The irony here is that I probably would use a named parameter for this case in order to distinguish between a person’s birthday and other possible relevant dates (like wedding date, signup date or whatever). But when I just write LocalDate.of(y, m, d) I don’t have to do that either, so adding this rule for a relative scoping expression doesn’t really solve the problem, especially given that people can just import LocalDate.of. So you’re not enforcing readable code, you’re just enforcing longer import lists.
And there’s a lesson here: you cannot enforce readable code through language rules. Readable code is the result of developers giving a fuck, and no amount of language legislation is going to change that.
Another example is my zio-aws example from earlier. s3.createBucket([bucket = ["foo"]]) is good code, adding a parameter name is pure noise, and adding noise makes code worse, not better.

When it helps, developers have the possibility to use named parameters. I like named parameters, I probably use them more than the average developer. But I don’t want to have the language tell me when I need to use them, and to me, all these arbitrary restrictions (arbitrary as in not forced by technical reasons) frankly just feel like somebody else trying to force their ideas of what good code should look like on me, when they have no idea what my project or the people working on it are like.
It also shouldn’t be forgotten that these additional restrictions make the language not only harder to learn (because there’s more arbitrary rules to memorize) but also less fun to learn.
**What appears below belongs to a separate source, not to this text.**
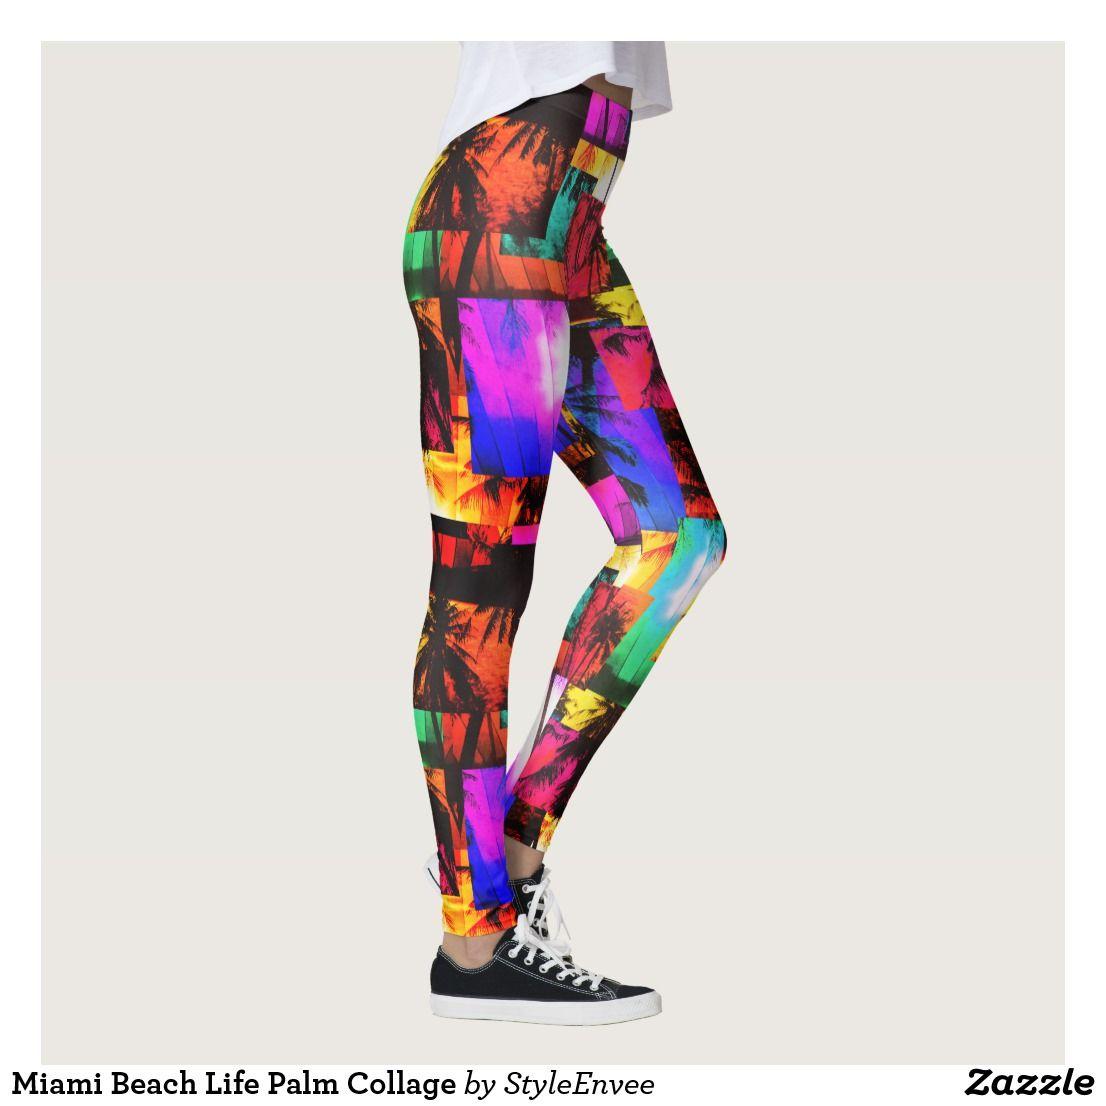 2c84e19f72af0 Miami Beach Life Palm Collage Leggings | Zazzle.com in 2019 ...

We should strive to have a language where, while you’re learning it, you have those moments where it clicks and you realize that, wait, you can put those two things together in that way too? How cool is that? And that moment shouldn’t be destroyed because your mommy comes in and tells you, no, you can’t do that, it’s too dangerous for you.
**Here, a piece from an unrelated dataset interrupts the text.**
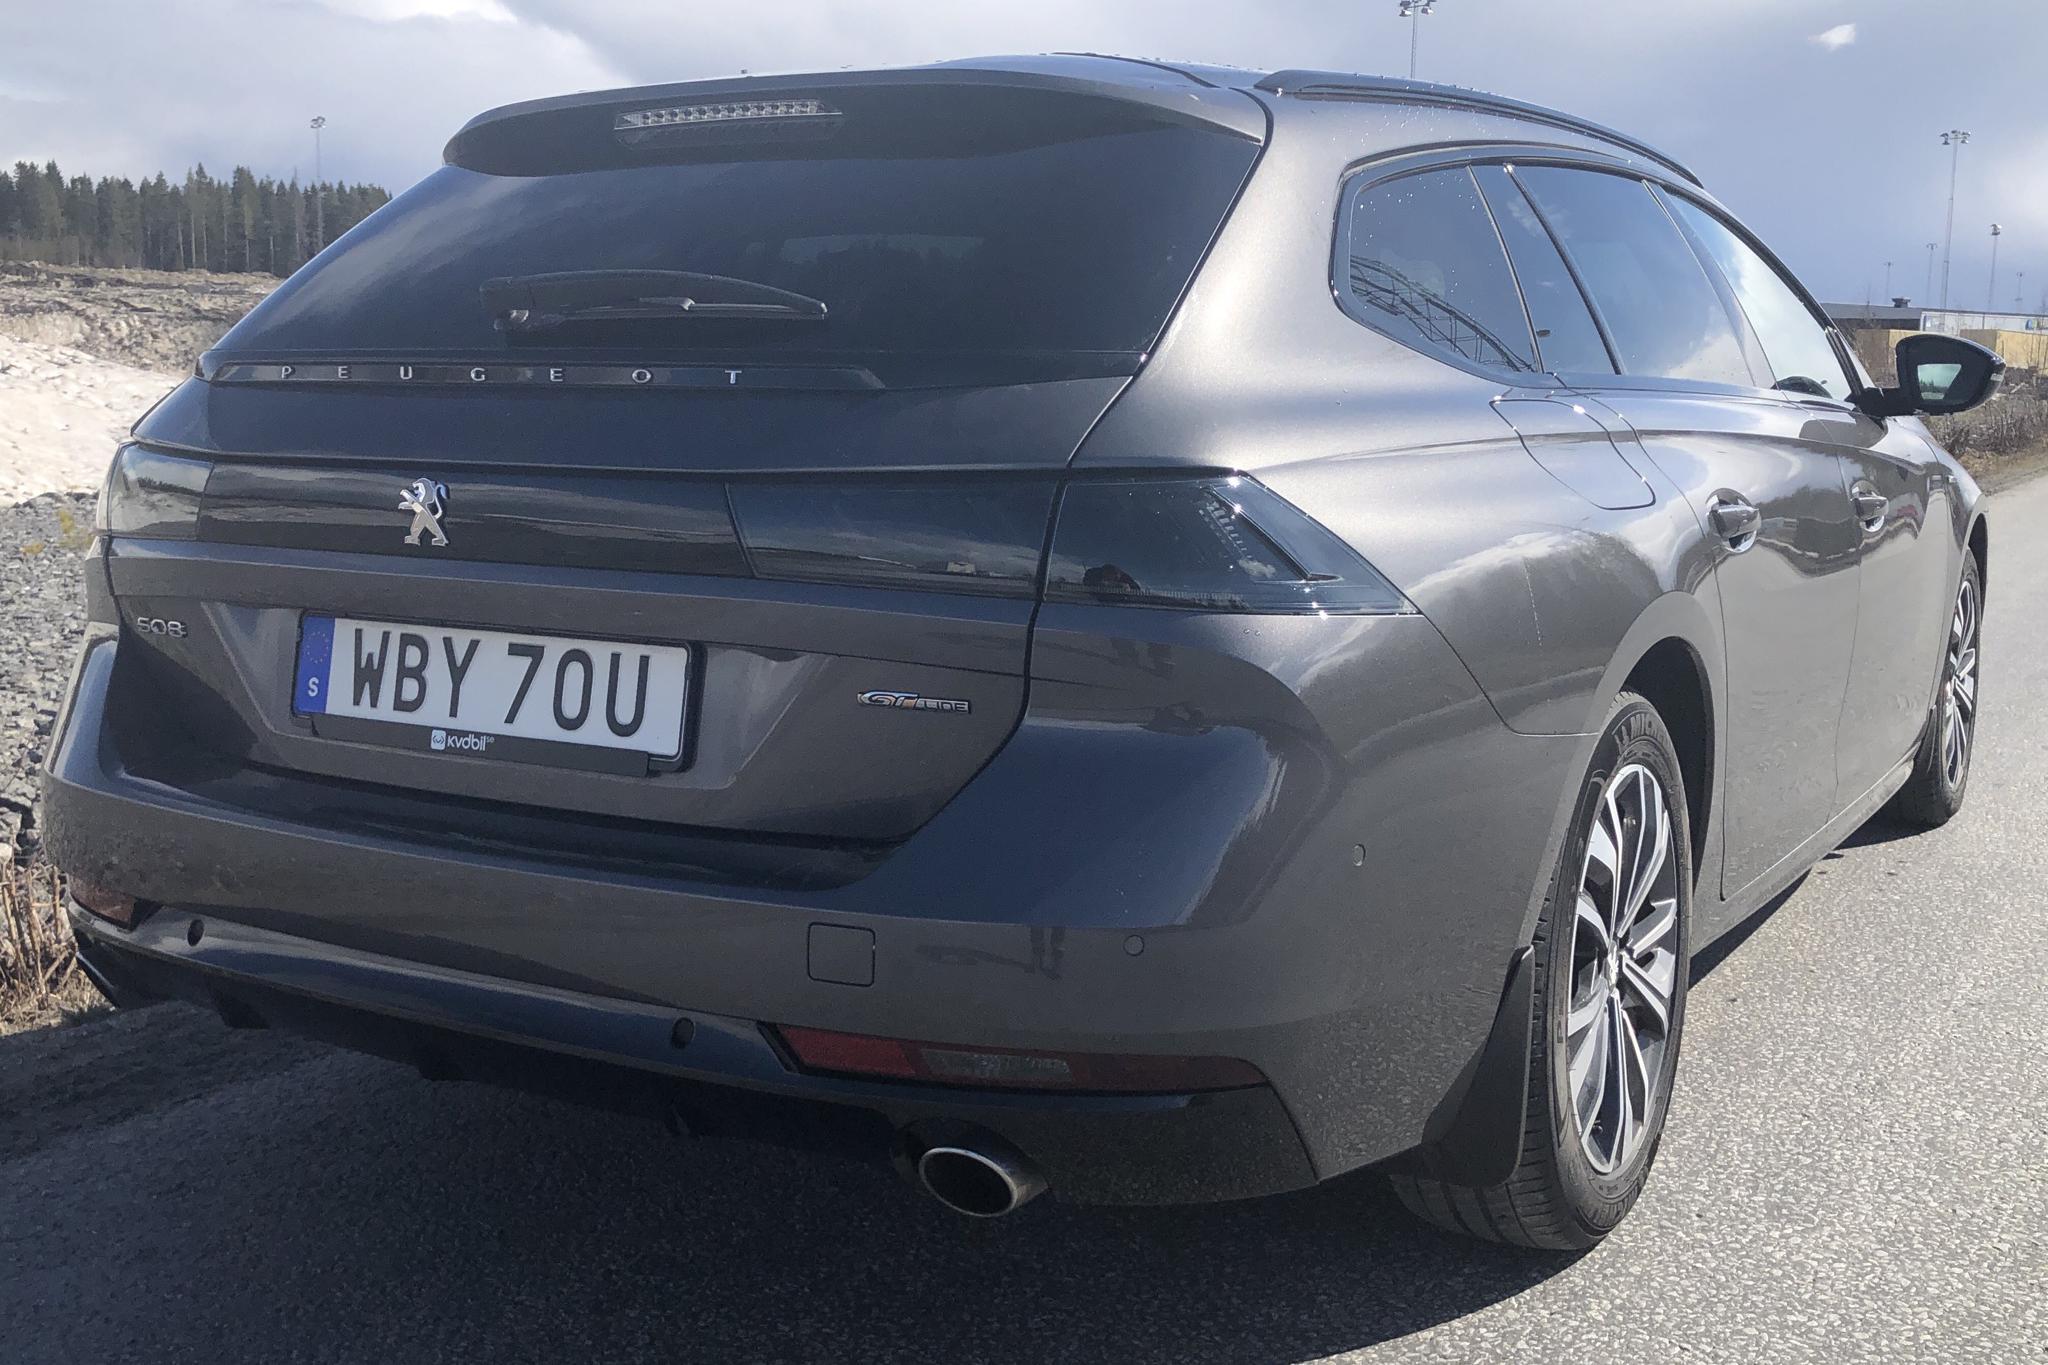 Peugeot 508 1.6 PureTech SW (180hk) - 31 410 km - Automatic - Light Grey - 2019

I also see that you haven’t considered my other points. If relative scoping is only permitted for named parameters, they

can’t be used in val definitions
… or return values
… or Lists
don’t work in Java methods (no named parameters)
are ugly in tuples

Perhaps some teams like to put guardrails like that around themselves, and that’s fine, they can write a scalafix rule for it. I see this kind of rule firmly in the territory of linting tools, not the language proper.

mberndt · July 24, 2024, 1:59pm

Oh and one more thing: while it’s probably pretty obvious that I don’t agree with everybody on everything, I very much do appreciate the civil discussion of ideas and the time that people have been putting into it. Thanks everybody for your continued engagement.
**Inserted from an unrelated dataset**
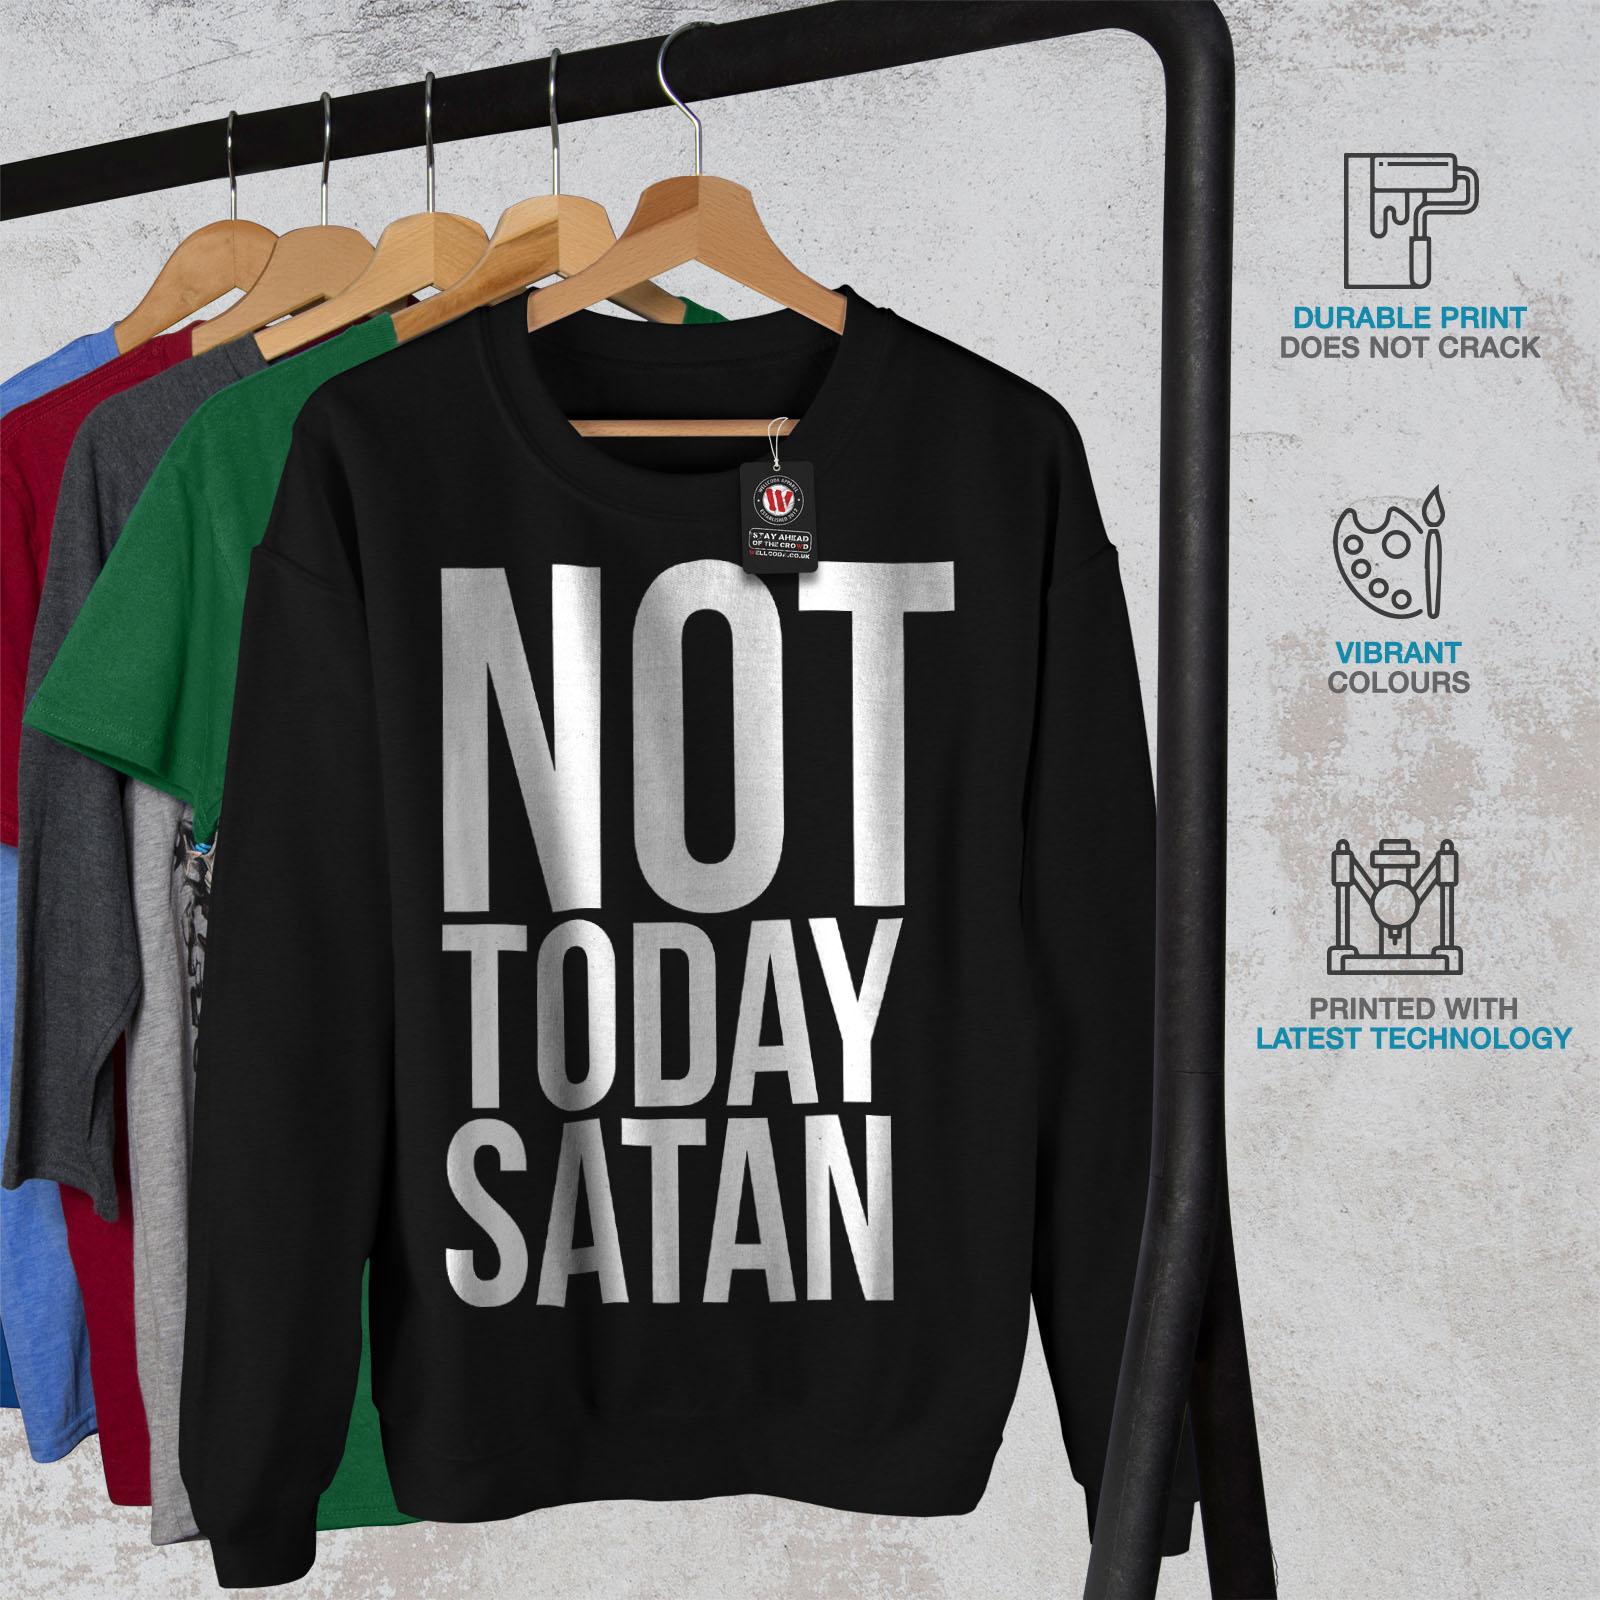 Pullover Wellcoda Occulte Jumper Noir Pas aujourd'hui Sweatshirt Hommes Satan qGzUMpSV

ragnar · July 24, 2024, 5:51pm

Adding new syntax and an entirely new way to impose restrictions seems suboptimal. If someone encounters these examples in a codebase, they won’t easily understand what is happening. The code is non-discoverable and difficult to search for.

I prefer the simplicity of @mberndt’s earlier proposal, which recommends using a new symbol to infer the companion object without any magic – just an import:

import scala.compiletime.companion as <>

val l: List[Int] = <>(1,2,3,4)

(Note: <> is chosen randomly since @ is not an allowed symbol)

Delegating the choice of something short to reduce boilerplate is slightly cheating, but it is still an improvement because this renaming import is needed only once, not per constructor.

Specifically, (companion.abc(xyc): T) would compile to T.abc(xyc), which seems nearly achievable with macros, except the inferred return type seems inaccessible.

This approach is clear in terms of documentation and how to find it. There are no new principles to learn, just some inferred types and forwarded methods.

It is not as concise as some other proposals, but it seems to be an improvement without real downsides, except possibly conflicting with a better proposal.